Logótipo de Expresso Expresso 14/04/2018 Alexandra Carita, Raquel Felício

Nem todos os países têm as mesmas condições de vida, o mesmo clima e os mesmos perigos para a saúde. Os seus contextos epidemiológicos são diferentes daqueles onde vivemos e a doença pode instalar-se. Uma picada de inseto ou um cubo de gelo de água não segura podem desencadear doenças graves. Basta não estar vacinado ou não seguir os conselhos mais comuns dados a quem viaja pelos médicos da chamada medicina do viajante, ou não seguir à risca a obrigatoriedade e recomendação da Organização Mundial da Saúde sobre as vacinas que deve tomar antes de visitar países como a Índia ou Angola, o Brasil ou a República Dominicana.

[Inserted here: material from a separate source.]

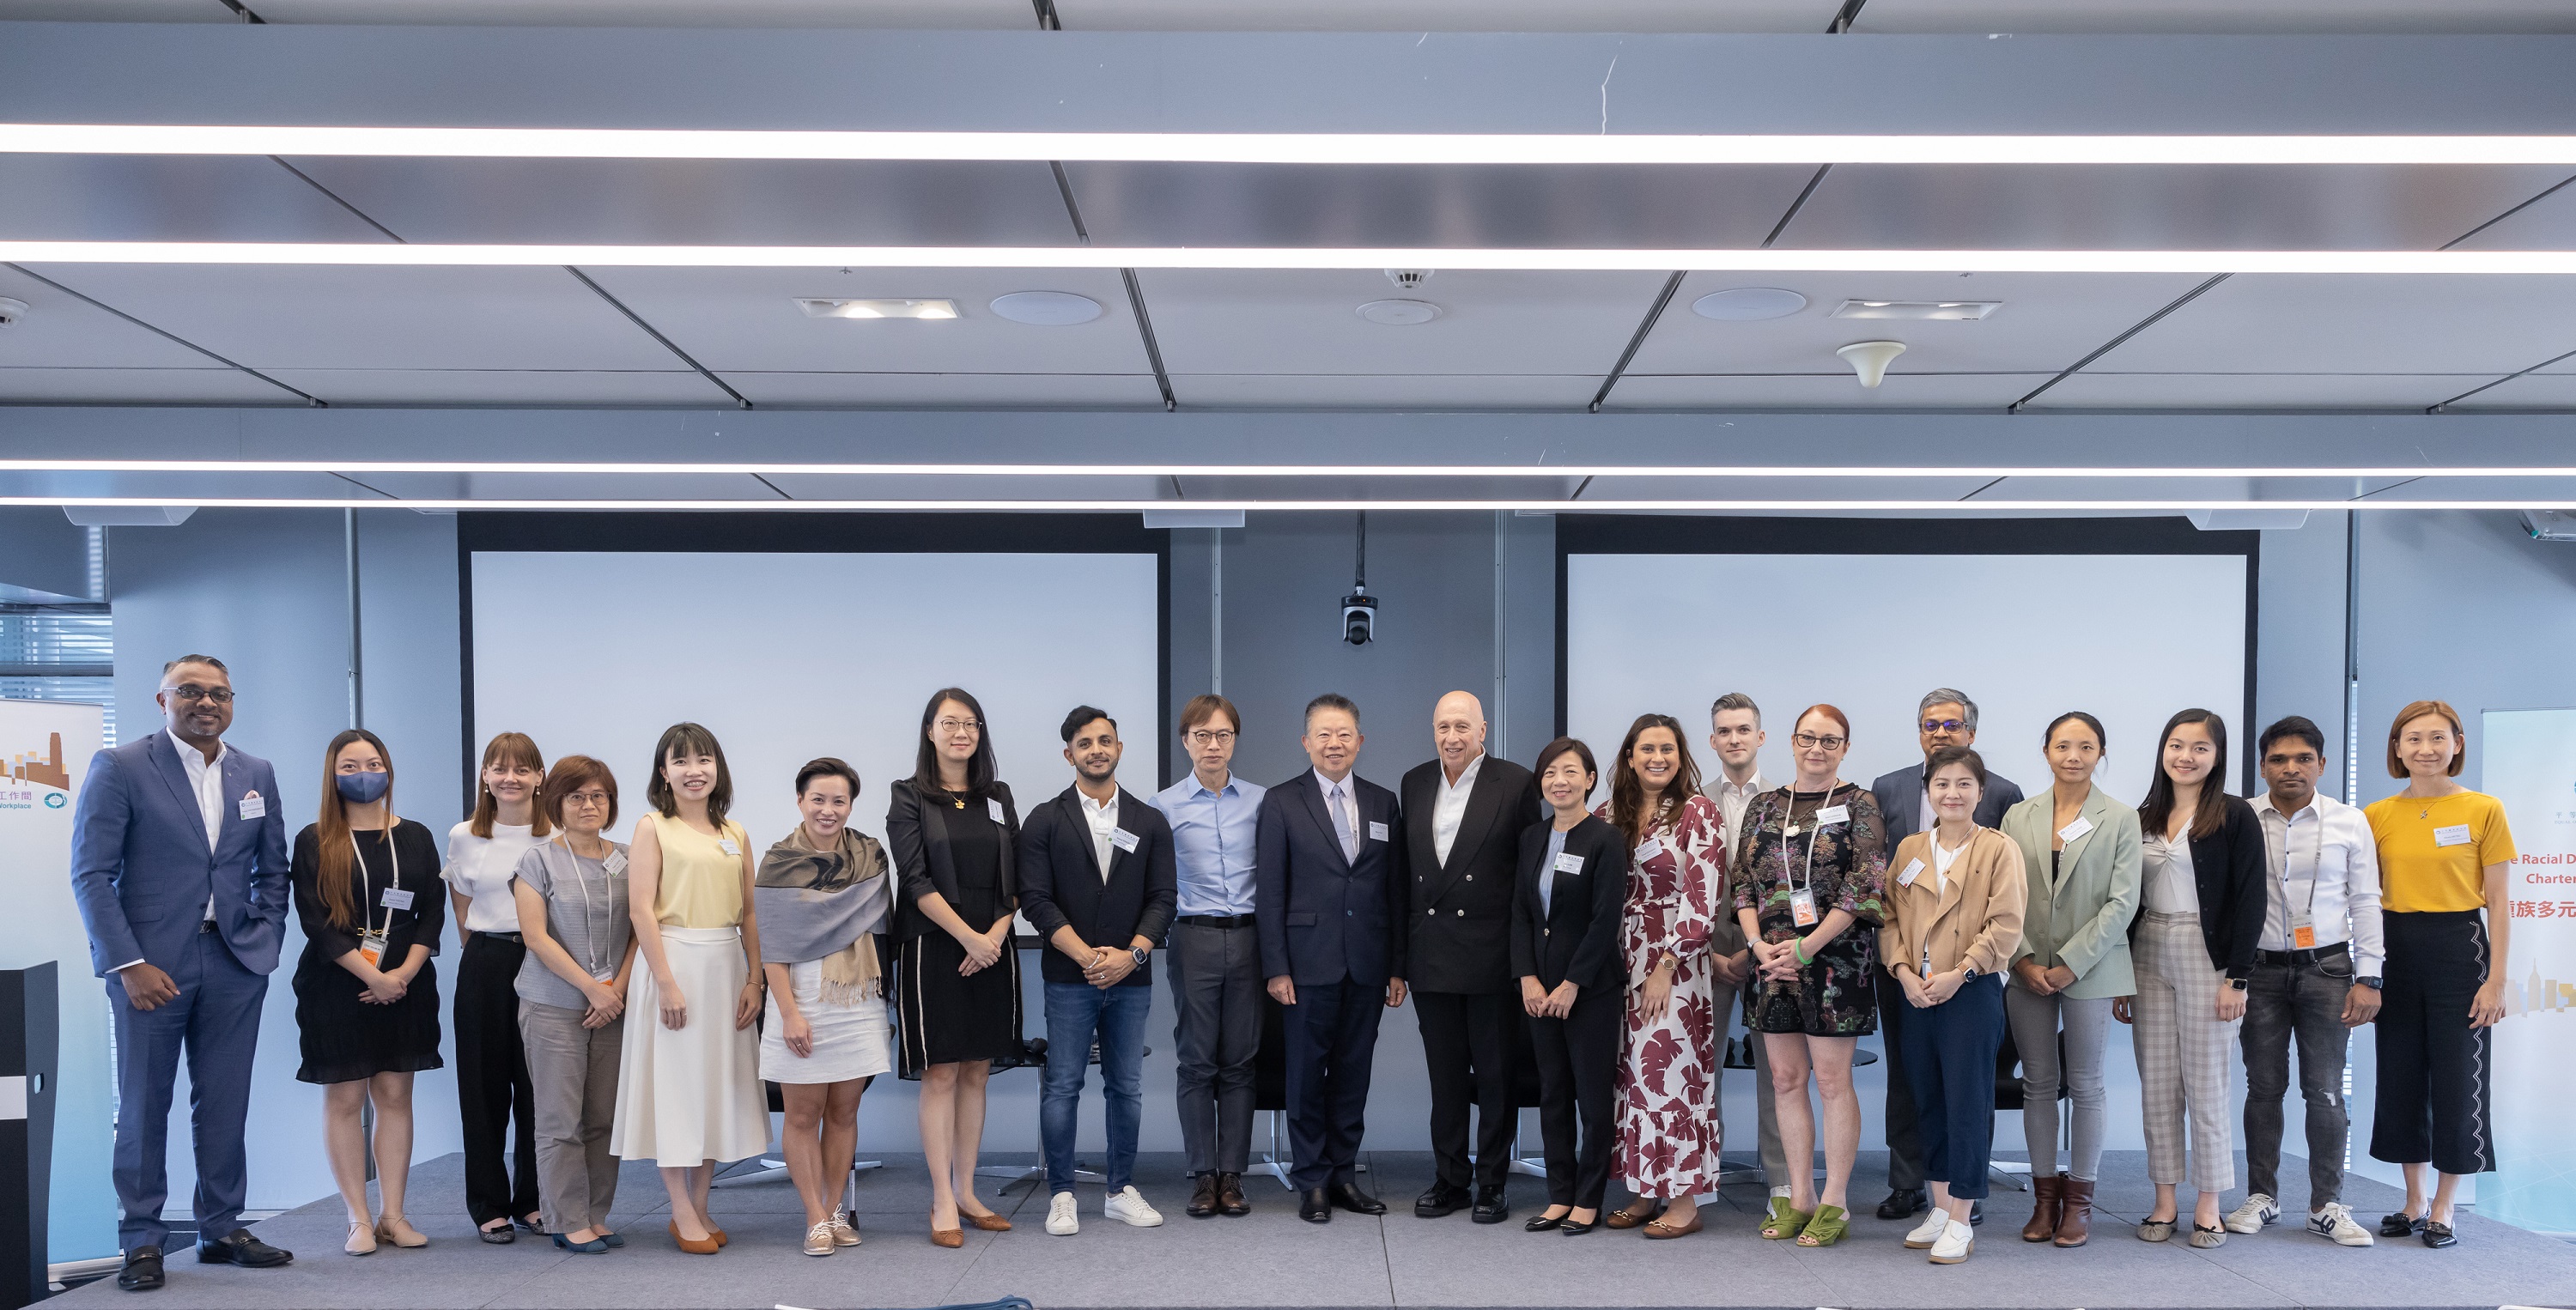 EOC Chairperson Mr Ricky CHU Man-kin (tenth from left) and Dr Allan Zeman, Chairman of Lan Kwai Fong Group and keynote speaker (eleventh from left) in a group photo with representatives from Charter signatory organisations.

Medicina para viajar © getty Medicina para viajar

Febre amarela, febre tifoide e malária são algumas das doenças mais comuns que se podem contrair nos locais mais exóticos ou com menos sanidade básica. De uma forma geral, em países situados em África, na Ásia e na América Latina. “Neste momento diria que todos os países que estão entre o Trópico de Câncer e o Trópico de Capricórnio, a zona intertropical, aquela zona de África um pouco abaixo e um pouco acima do Equador, que vai até ao sul de Angola e ao norte do Senegal, é onde se situam os países com mais riscos para a saúde. Tal como países da América do Sul. Acho pouco prudente ir para aí sem ter tido primeiro uma informação do que é necessário fazer, nomeadamente administrar a vacina da febre amarela”, explica-nos Carlos Araújo, diretor clínico da Consulta do Viajante do Instituto de Higiene e Medicina Tropical.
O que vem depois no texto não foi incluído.